In this scenario, what do false positives and false negatives represent? What are the tradeoffs between them in terms of dollars, and how should the model be weighted accordingly?
This is the same question as problem #16 in the Machine Learning Chapter of Ace the Data Science Interview!
Assume that a positive label is identifying a loan application as fraudulent, and so a false positive occurs when the model labels a loan application as a fraud when in reality it is not. In this case, there is immediate loss of revenue. If the loan was for some amount X, and the interest rate was 10% for instance, then the immediate loss is 10% of X. A false negative, on the other hand, occurs when the model deems an application to not be a fraud when in reality it is. In this case, the loss is the immediate loan amount X.
In combination, the two points mean that weighting by revenue would yield a false negative worth about 10 false positives, i.e., one bad loan would be the equivalent of missing 10 good loans. Therefore, for the model, false negatives should be weighted 10:1 with respect to false positives in terms of cost.

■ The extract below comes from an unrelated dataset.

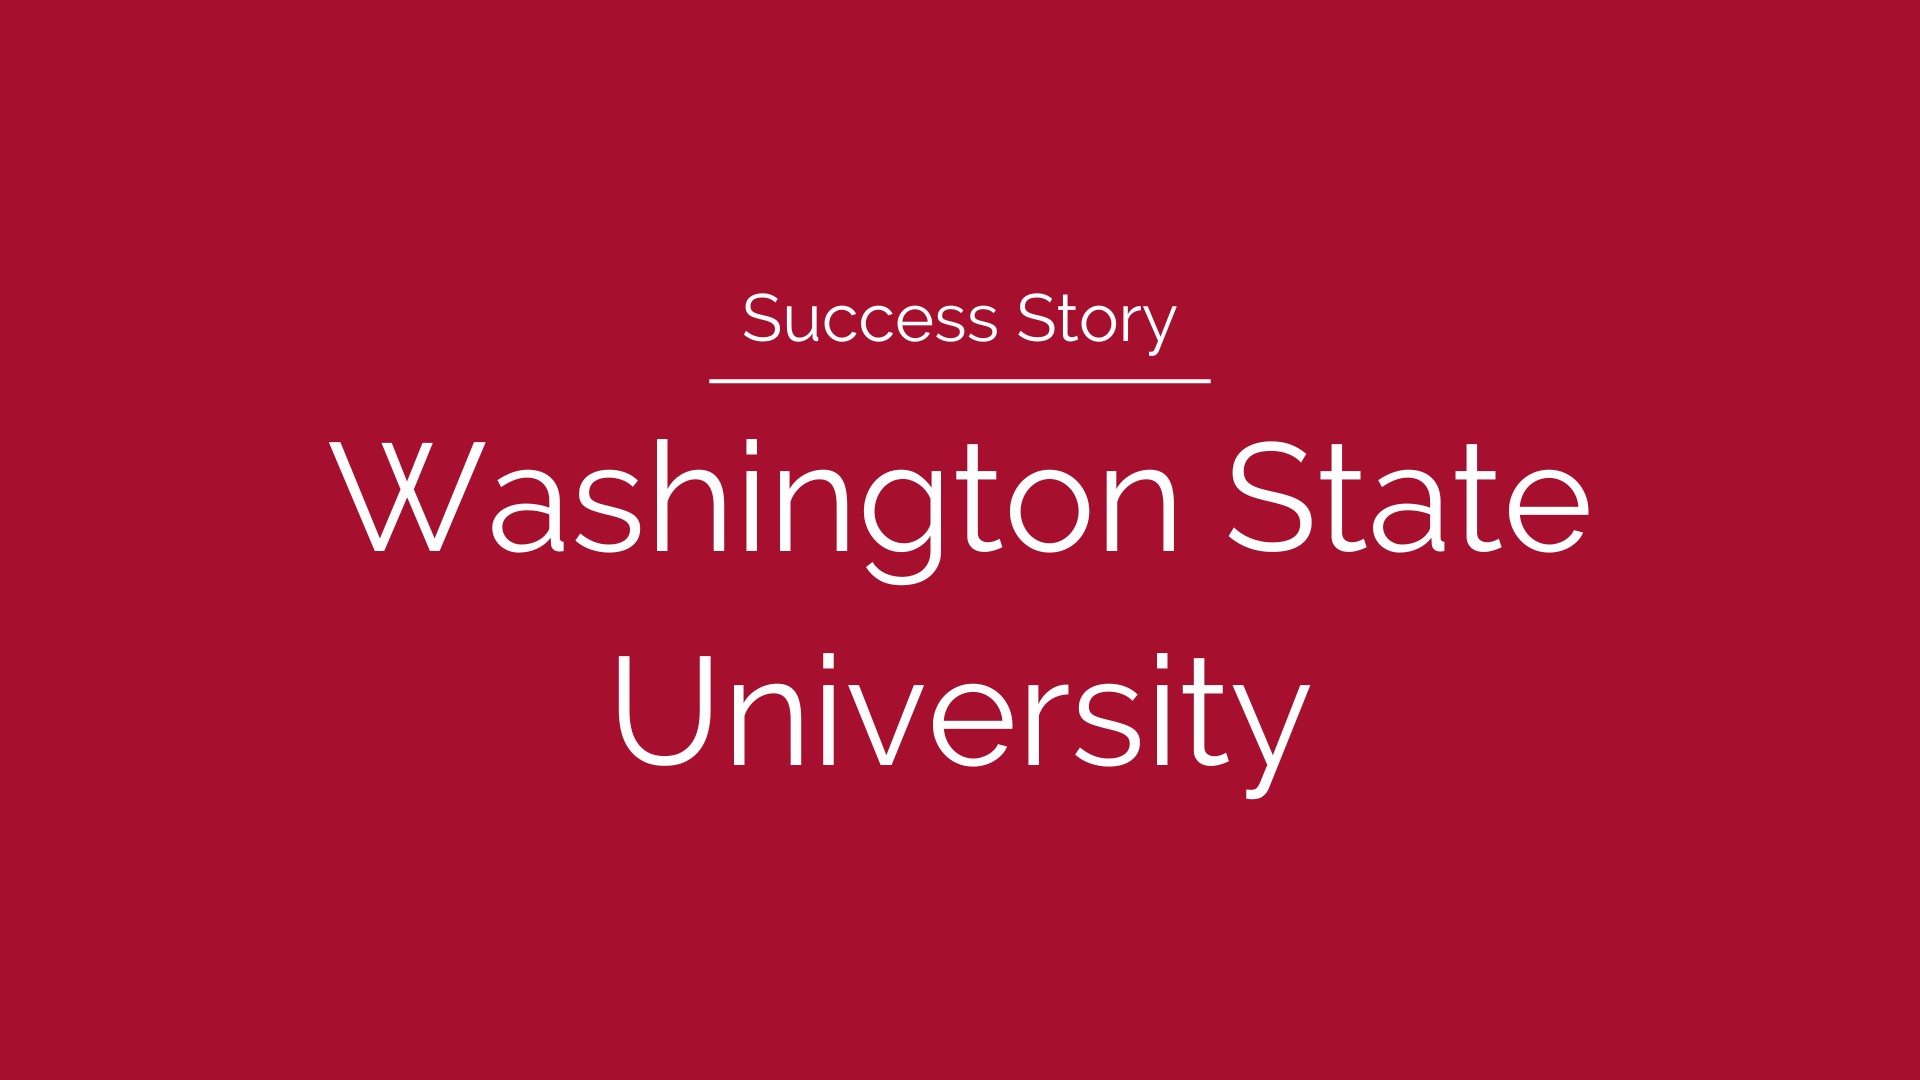 Success Story: Washington State University

Generalizing, we see that not making a loan to what would be a good client leads to the loss of the interest this client would then pay (usually just a low percentage of the total amount of money borrowed). On the other hand, giving the loan to someone who will not pay it back means that all the money will be lost, not just a percentage. In terms of dollars, given a set interest rate, we can therefore calculate the loss ratio between the two types of losses (not making the loan versus making the loan and not being paid back) to quantify the tradeoff between false positives and false negatives.